Figure 4. GOSBench Grafana dashboard

Source code for the GOSBench Grafana dashboard can be found here.

COSBench and GOSBench benchmark comparison

When a new tool is presented, it’s essential to compare it to existing tools for accuracy. For this reason, the team team ran a simple comparison between COSBench and GOSBench. Both tools were tasked to do a 100% read test and a 100% write test on 64KB, 1MB, and 32MB objects for 300 seconds each. The test tools were set to run on all seven RGWs in the test configuration in parallel. Figures 5 and 6 show writing and reading, respectively.

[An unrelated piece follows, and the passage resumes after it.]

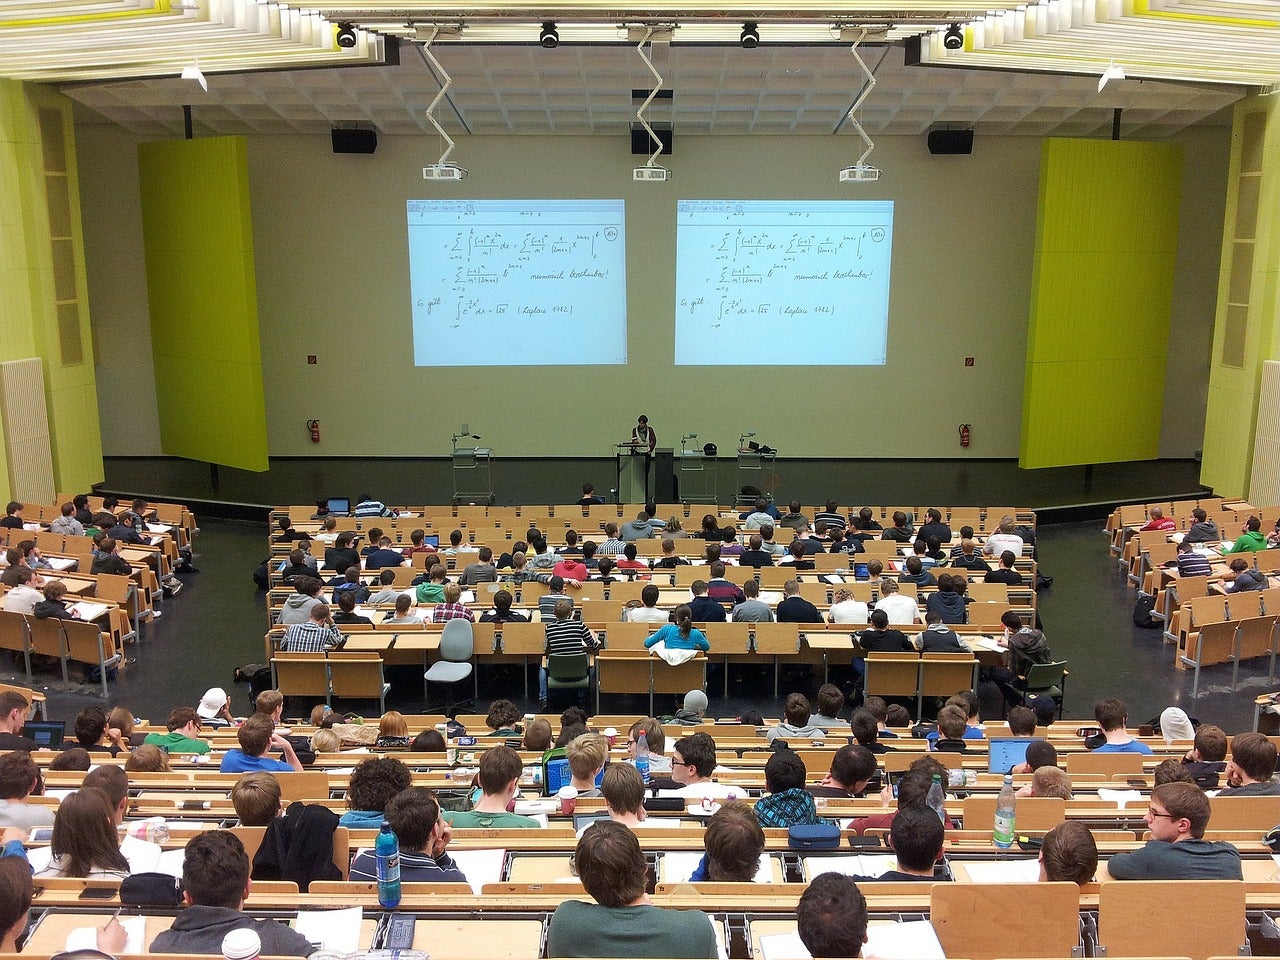 A university classroom

Figure 5. COSBench vs. GOSBench writing to seven RGWs

Figure 6. COSBench vs. GOSBench reading from seven RGWs

From these charts, it’s apparent that the performance metrics for 64KB and 1MB objects are similar for both tools. For the 32MB objects, COSBench reports significantly higher performance metrics than GOSBench. One possible explanation for this disparity is that GOSBench is using multipart uploading and downloading. This feature is not in effect for objects smaller than 5MB and thus would only be visible with the 32MB objects. As of this writing, we’re still looking into this issue.

Conclusion

The tools developed as a part of Red Hat testing gave testers increased visibility into the details of complicated, large-scale tests. Testers were able to use the Grafana and COSBench tooling to quickly visualize the implications of performance issues, such as disk capacity overloading, and more easily align timing between remote systems under test. While work is ongoing, GOSBench promises to reduce the time needed to set up test installations and write test configurations.